SUPPLIED RECORDS Start Marker
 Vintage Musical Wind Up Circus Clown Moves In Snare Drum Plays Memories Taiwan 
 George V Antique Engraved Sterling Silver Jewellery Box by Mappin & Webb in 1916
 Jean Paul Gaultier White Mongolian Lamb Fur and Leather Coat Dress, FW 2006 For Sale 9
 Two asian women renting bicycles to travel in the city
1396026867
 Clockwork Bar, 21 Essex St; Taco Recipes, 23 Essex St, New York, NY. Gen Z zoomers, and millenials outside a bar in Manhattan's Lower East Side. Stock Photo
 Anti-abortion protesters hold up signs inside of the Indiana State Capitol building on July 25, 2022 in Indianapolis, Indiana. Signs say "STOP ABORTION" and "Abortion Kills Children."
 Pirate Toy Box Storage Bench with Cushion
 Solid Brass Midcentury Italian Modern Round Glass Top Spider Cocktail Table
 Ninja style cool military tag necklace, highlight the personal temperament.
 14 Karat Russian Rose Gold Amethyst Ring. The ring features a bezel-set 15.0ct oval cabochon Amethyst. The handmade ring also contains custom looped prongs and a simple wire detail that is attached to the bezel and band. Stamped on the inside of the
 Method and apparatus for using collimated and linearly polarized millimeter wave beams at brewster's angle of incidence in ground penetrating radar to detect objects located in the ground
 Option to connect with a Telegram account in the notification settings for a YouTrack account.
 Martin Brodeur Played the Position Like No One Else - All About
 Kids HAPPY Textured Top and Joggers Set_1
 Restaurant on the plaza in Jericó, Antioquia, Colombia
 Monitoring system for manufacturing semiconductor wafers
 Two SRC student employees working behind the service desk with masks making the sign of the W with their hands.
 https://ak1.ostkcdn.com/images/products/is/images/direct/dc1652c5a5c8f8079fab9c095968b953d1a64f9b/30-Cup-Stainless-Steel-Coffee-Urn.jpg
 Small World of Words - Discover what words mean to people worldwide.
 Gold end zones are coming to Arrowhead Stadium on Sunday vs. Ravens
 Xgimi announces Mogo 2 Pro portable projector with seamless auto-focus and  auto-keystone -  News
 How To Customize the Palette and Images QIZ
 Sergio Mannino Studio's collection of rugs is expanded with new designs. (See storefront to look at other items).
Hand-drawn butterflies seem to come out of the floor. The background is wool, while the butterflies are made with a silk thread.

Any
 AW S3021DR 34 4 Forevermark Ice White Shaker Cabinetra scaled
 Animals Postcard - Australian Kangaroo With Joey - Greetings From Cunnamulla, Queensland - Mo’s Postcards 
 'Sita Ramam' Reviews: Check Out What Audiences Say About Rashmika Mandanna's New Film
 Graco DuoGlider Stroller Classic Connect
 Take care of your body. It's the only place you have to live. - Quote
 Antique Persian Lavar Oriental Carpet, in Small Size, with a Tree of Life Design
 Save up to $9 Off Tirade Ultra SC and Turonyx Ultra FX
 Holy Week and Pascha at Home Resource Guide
SUPPLIED RECORDS End Marker
ACTIVITY:
All lines above from the one holding "14 Karat Russian" to the one holding "How To Customize the Palette and Images QIZ", inclusive, are to be copied exactly; no other line is wanted.

RESPONSE:
 14 Karat Russian Rose Gold Amethyst Ring. The ring features a bezel-set 15.0ct oval cabochon Amethyst. The handmade ring also contains custom looped prongs and a simple wire detail that is attached to the bezel and band. Stamped on the inside of the
 Method and apparatus for using collimated and linearly polarized millimeter wave beams at brewster's angle of incidence in ground penetrating radar to detect objects located in the ground
 Option to connect with a Telegram account in the notification settings for a YouTrack account.
 Martin Brodeur Played the Position Like No One Else - All About
 Kids HAPPY Textured Top and Joggers Set_1
 Restaurant on the plaza in Jericó, Antioquia, Colombia
 Monitoring system for manufacturing semiconductor wafers
 Two SRC student employees working behind the service desk with masks making the sign of the W with their hands.
 https://ak1.ostkcdn.com/images/products/is/images/direct/dc1652c5a5c8f8079fab9c095968b953d1a64f9b/30-Cup-Stainless-Steel-Coffee-Urn.jpg
 Small World of Words - Discover what words mean to people worldwide.
 Gold end zones are coming to Arrowhead Stadium on Sunday vs. Ravens
 Xgimi announces Mogo 2 Pro portable projector with seamless auto-focus and  auto-keystone -  News
 How To Customize the Palette and Images QIZ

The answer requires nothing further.